When 1Digital moves a brand from a self-managed platform onto Shopify Plus, the migration and the development run as two coordinated tracks. The migration track exports the existing catalogue, customers, and orders and re-maps them onto Shopify's data model so that nothing is silently dropped and the new store opens with the brand's full history behind it. The development track rebuilds the storefront on Shopify Plus and re-establishes the integrations the business depends on, treating the platform's app ecosystem as a way to recover proven functionality without re-implementing it from scratch.
The product-personalization tool is representative of the advanced-development portion of this kind of engagement: a customer-facing capability that has to be built deliberately on the new platform rather than carried over, because it is part of how the brand differentiates its products. Building it on Shopify Plus rather than maintaining it on a bespoke stack is the point of the move — the same capability, on a foundation that costs less to keep running.
The result a project like this targets is continuity for the customer and lower long-term engineering drag for the business: the same catalogue and history, a more capable platform underneath it, and room to add functionality without the platform fighting back.
The honest framing of an engagement like Paravel's is that the migration is the enabling step, not the achievement. Moving a travel-goods brand off a self-managed Spree stack onto Shopify Plus does not, by itself, sell more luggage; what it does is change the economics of every future improvement. On a bespoke stack, each new customer-facing feature competes for scarce engineering time and adds to a maintenance burden the brand carries indefinitely. On Shopify Plus, much of that same functionality is available through a maintained app ecosystem, so the brand's effort can go toward the storefront and the product rather than toward keeping the platform alive.

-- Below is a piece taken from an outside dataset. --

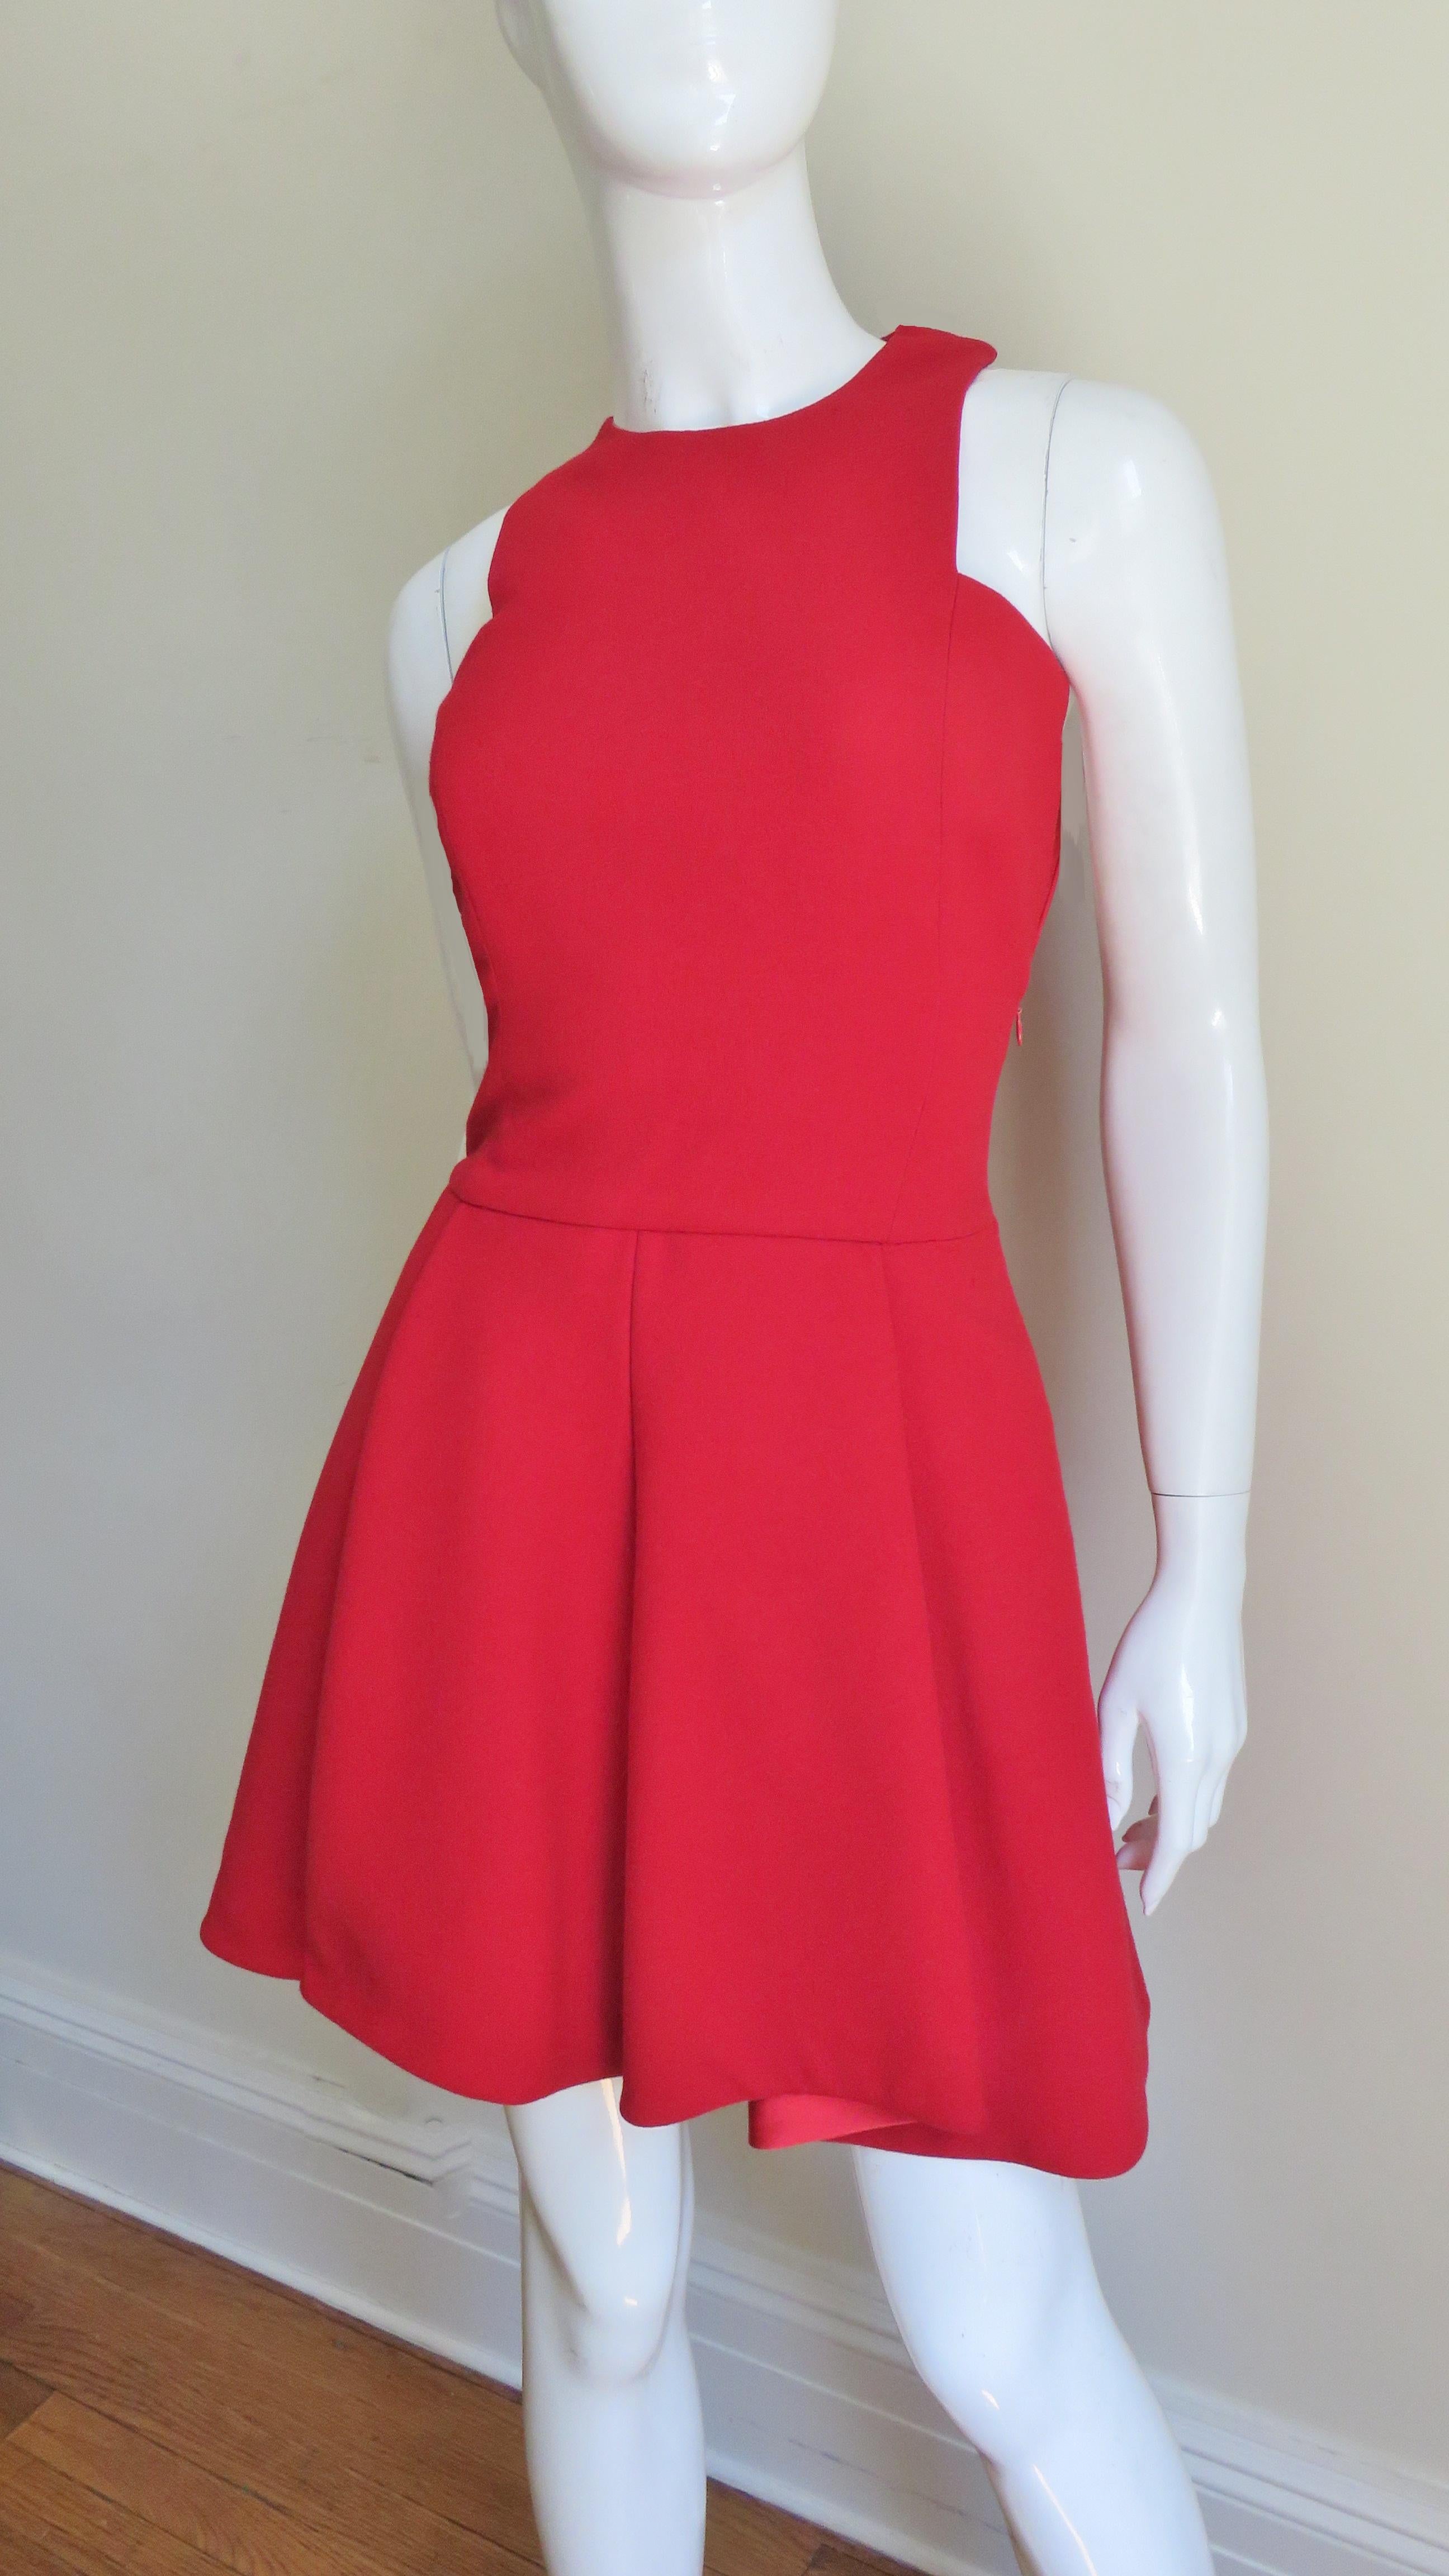 Une superbe robe en laine rouge de Gianni Versace. Il a de belles lignes avec des emmanchures à coupe carrée, un corsage ajusté et une fabuleuse jupe évasée. L'arrière de la robe est magnifique, la jupe étant plus longue et plus ample de quelques

The product-personalization tool is the clearest illustration of the trade-off being made deliberately. It is genuinely custom development — the kind of differentiated capability that has to be built rather than installed — but building it on Shopify Plus means it sits on infrastructure that is someone else's responsibility to keep current. That is the durable value a replatform of this kind targets: not a one-time launch, but a lower ongoing cost of being able to change.